Despite Valentine’s Day marketing itself as an all-star, Hollywood, don’t-call-it-a-cash-in rom-com, it is in many ways a Bollywood comedy, set in LA.
It came as absolutely no surprise that, about an hour and forty five minutes in to Valentine’s Day – the timely new film by Garry Marshall - there was an enormous Indian wedding song and dance routine. For, despite Valentine’s Day marketing itself as an all-star, Hollywood, don’t-call-it-a-cash-in rom-com, it is in many ways a Bollywood comedy, set in LA.
Firstly, it is long. Sweet mother of Rudolph Valentino, it is long – two hours long by our watch. Which belies the rather simple plot: one Valentine’s Day in the life of an unlikely collection of LA residents as they fall in, out and through love.
Secondly, everyone and everything in the film is ludicrously good looking. This is a film where Anne Hathaway is an admin assistant who talks dirty on her mobile for a little extra cash. Where a florist can live in a pastel painted canal-side house in Little Venice. Where Jessica Garner is a primary school teacher. No disrespect to Mrs Tatton, but my primary school teacher certainly did not wear five inch wedges and go out in skin-tight couture (at least, not when we were around.)
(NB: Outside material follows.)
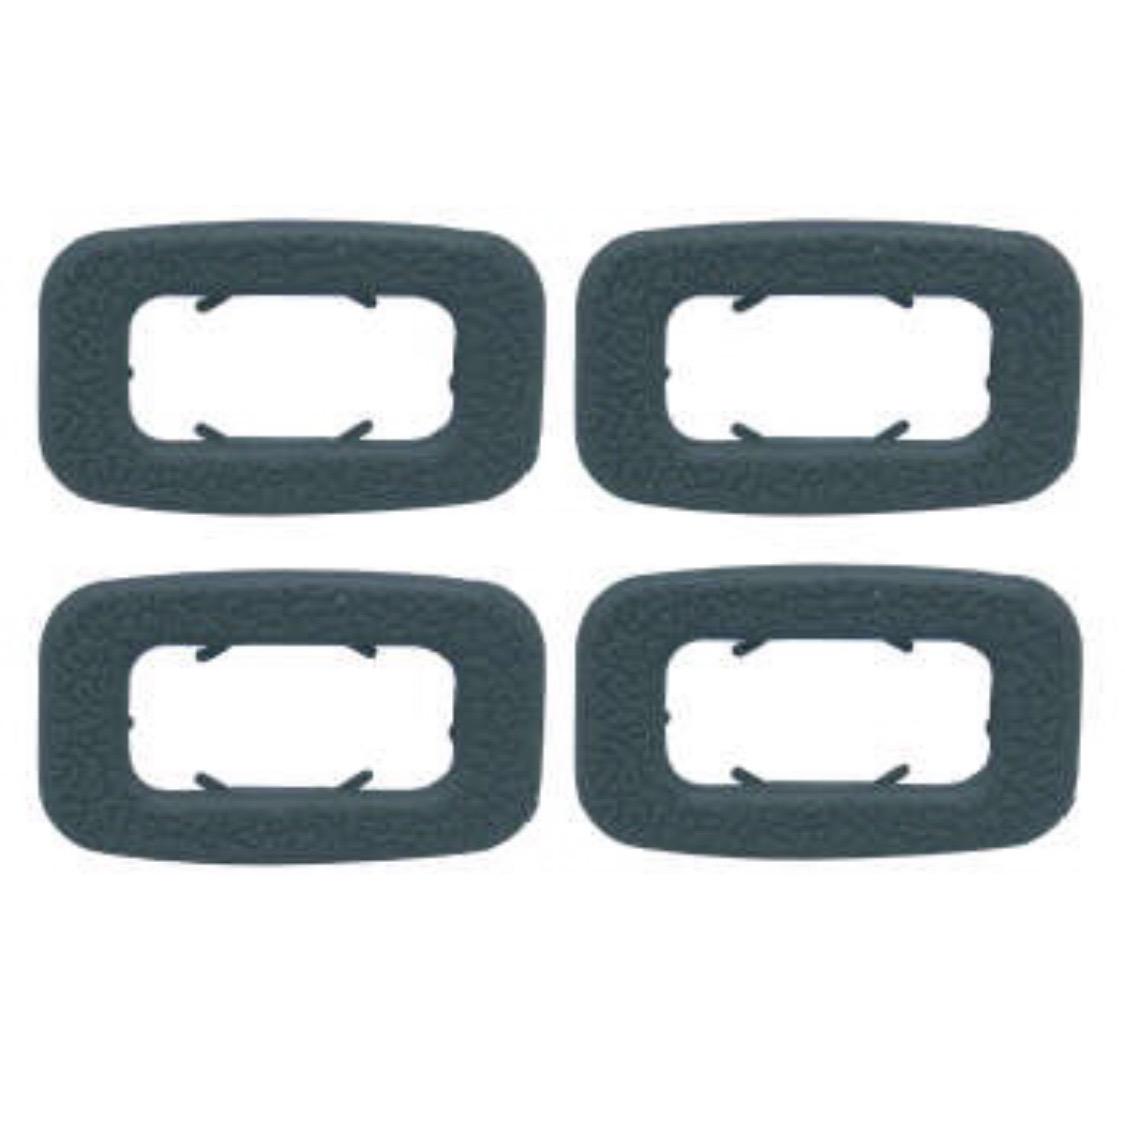 خار دور قفل در خودرو مدل KM 01 مناسب برای پراید صبا بسته 4 عددی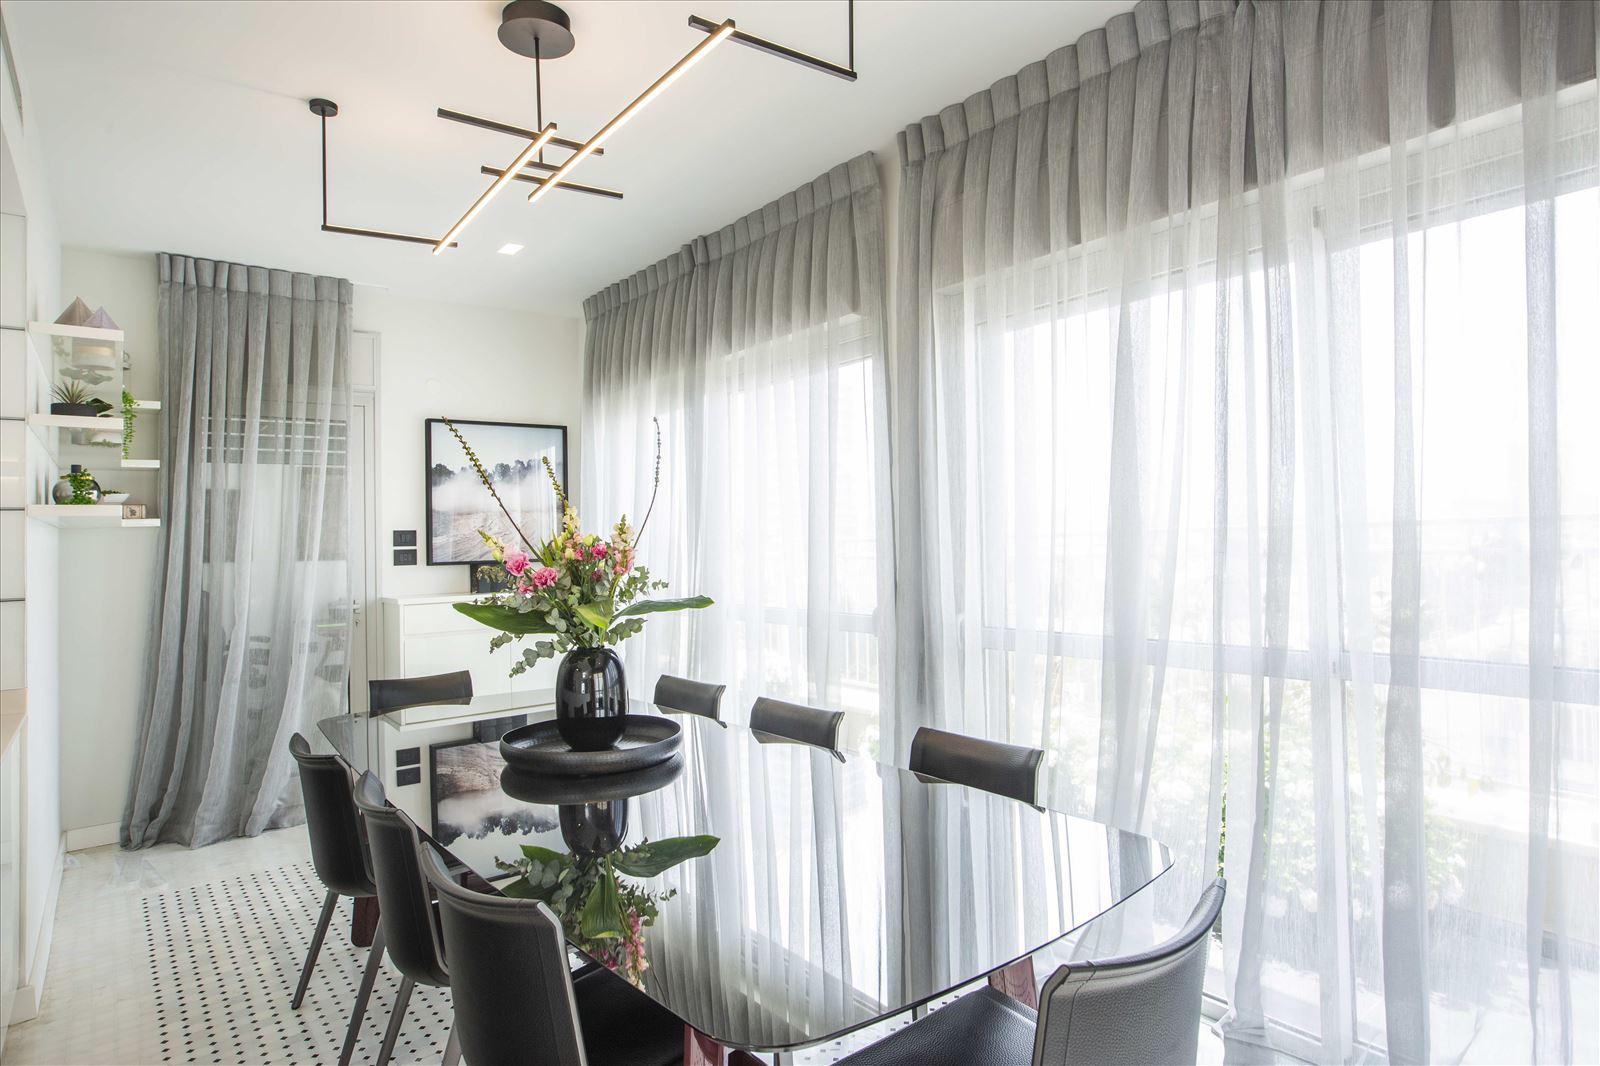 Tel Aviv apartment in Parisian aroma גופי תאורה בפינת האוכל על ידי קמחי תאורה

In Valentine’s Day the sun is always shining, LA is as fresh and bright as a washing powder commercial and no-one really has to do any work. Like Shahrukh Khan’s Mumbai, the LA of Valentine’s Day is a fantastic, spotless simulacrum of the city that only sleeps during surgery.
The film is also reminiscent of Bollywood in terms of the sheer size of the cast. Take a look at that poster; this is a film with name weight. Julia Roberts, Jamie Foxx, Anne Hathaway, Ashton Kutcher, Jessica Alba, Patrick Dempsey, Queen Latifah- the list goes on and on. Over the course of Valentine’s Day there are seven couples, a couple of cameos (most surprisingly Mel of Flight of the Conchords fame) and a healthy supporting cast.
The set pieces, most often provided by rather hammy and two-dimensional, if not straight-down offensive, ‘foreigners’ were like something from low-budget Malyalam comedies. People fall over, cute kids back-chat, pretty girls carry around enormous teddy bears and old people make public fools of themselves.
But back to that wedding scene. There the couple were, celebrating their recent nuptials, when Jennifer Garner starts smacking all holy hagga out of a heart-shaped piñata. Then Jamie Foxx turns up and starts playing the piano (since Ray, a quick tinkling of the ivories is most likely in all his contracts), a teenage couple talk about the importance of abstinence in the back of a van and everyone in the restaurant starts to dance.
If that sounds like your idea of a good time, then you’re in for a treat. If it sounds like a load of schmaltzy, naff, ridiculousness then maybe just stay in this Valentine’s Day.
If a day dedicated to anonymous lust piques your anticipation, then you’ll probably be pretty excited about this. If you think that the February 12 release date is cynical commercialism, then you probably have other plans.
After about an hour the glow severely begins to fade.
This film is going to make money hand over fist. It’s got the stars, the budget, the soundtrack and the subject matter to guarantee a hit this Valentine’s Day. You might not approve of it, but you've sort of got to admire it.